**SOURCE RECORDS:**
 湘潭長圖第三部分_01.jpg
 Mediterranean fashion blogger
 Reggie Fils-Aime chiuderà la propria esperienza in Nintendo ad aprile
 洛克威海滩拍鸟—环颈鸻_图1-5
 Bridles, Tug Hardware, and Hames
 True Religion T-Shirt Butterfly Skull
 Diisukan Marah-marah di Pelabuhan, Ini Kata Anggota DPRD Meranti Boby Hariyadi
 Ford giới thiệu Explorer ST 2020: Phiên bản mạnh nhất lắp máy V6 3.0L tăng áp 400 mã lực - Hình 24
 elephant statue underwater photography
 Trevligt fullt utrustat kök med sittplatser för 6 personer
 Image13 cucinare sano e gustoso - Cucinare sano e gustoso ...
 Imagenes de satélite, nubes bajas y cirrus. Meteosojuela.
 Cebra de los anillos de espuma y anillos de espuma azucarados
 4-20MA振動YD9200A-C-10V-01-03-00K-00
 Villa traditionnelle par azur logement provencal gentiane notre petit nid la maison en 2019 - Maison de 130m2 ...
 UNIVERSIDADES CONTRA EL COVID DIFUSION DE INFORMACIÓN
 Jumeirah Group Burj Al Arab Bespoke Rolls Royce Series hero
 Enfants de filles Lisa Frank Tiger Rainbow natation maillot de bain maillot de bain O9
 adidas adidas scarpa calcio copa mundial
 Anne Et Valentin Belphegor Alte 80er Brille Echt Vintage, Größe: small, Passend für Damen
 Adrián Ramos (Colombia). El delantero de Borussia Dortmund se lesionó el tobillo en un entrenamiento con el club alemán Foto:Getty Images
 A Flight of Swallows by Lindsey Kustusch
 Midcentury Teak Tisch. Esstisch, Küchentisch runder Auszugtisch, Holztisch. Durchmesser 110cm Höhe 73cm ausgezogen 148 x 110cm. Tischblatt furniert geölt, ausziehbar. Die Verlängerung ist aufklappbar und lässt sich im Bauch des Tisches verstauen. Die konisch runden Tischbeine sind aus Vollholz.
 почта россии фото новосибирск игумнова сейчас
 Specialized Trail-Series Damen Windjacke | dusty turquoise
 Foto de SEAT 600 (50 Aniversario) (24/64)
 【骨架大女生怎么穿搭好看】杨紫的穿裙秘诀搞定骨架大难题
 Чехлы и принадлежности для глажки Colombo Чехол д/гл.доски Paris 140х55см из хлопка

**TASK STATEMENT:**
Report each line of the data in which "Damen" occurs.

**RESPONSE:**
 Anne Et Valentin Belphegor Alte 80er Brille Echt Vintage, Größe: small, Passend für Damen
 Specialized Trail-Series Damen Windjacke | dusty turquoise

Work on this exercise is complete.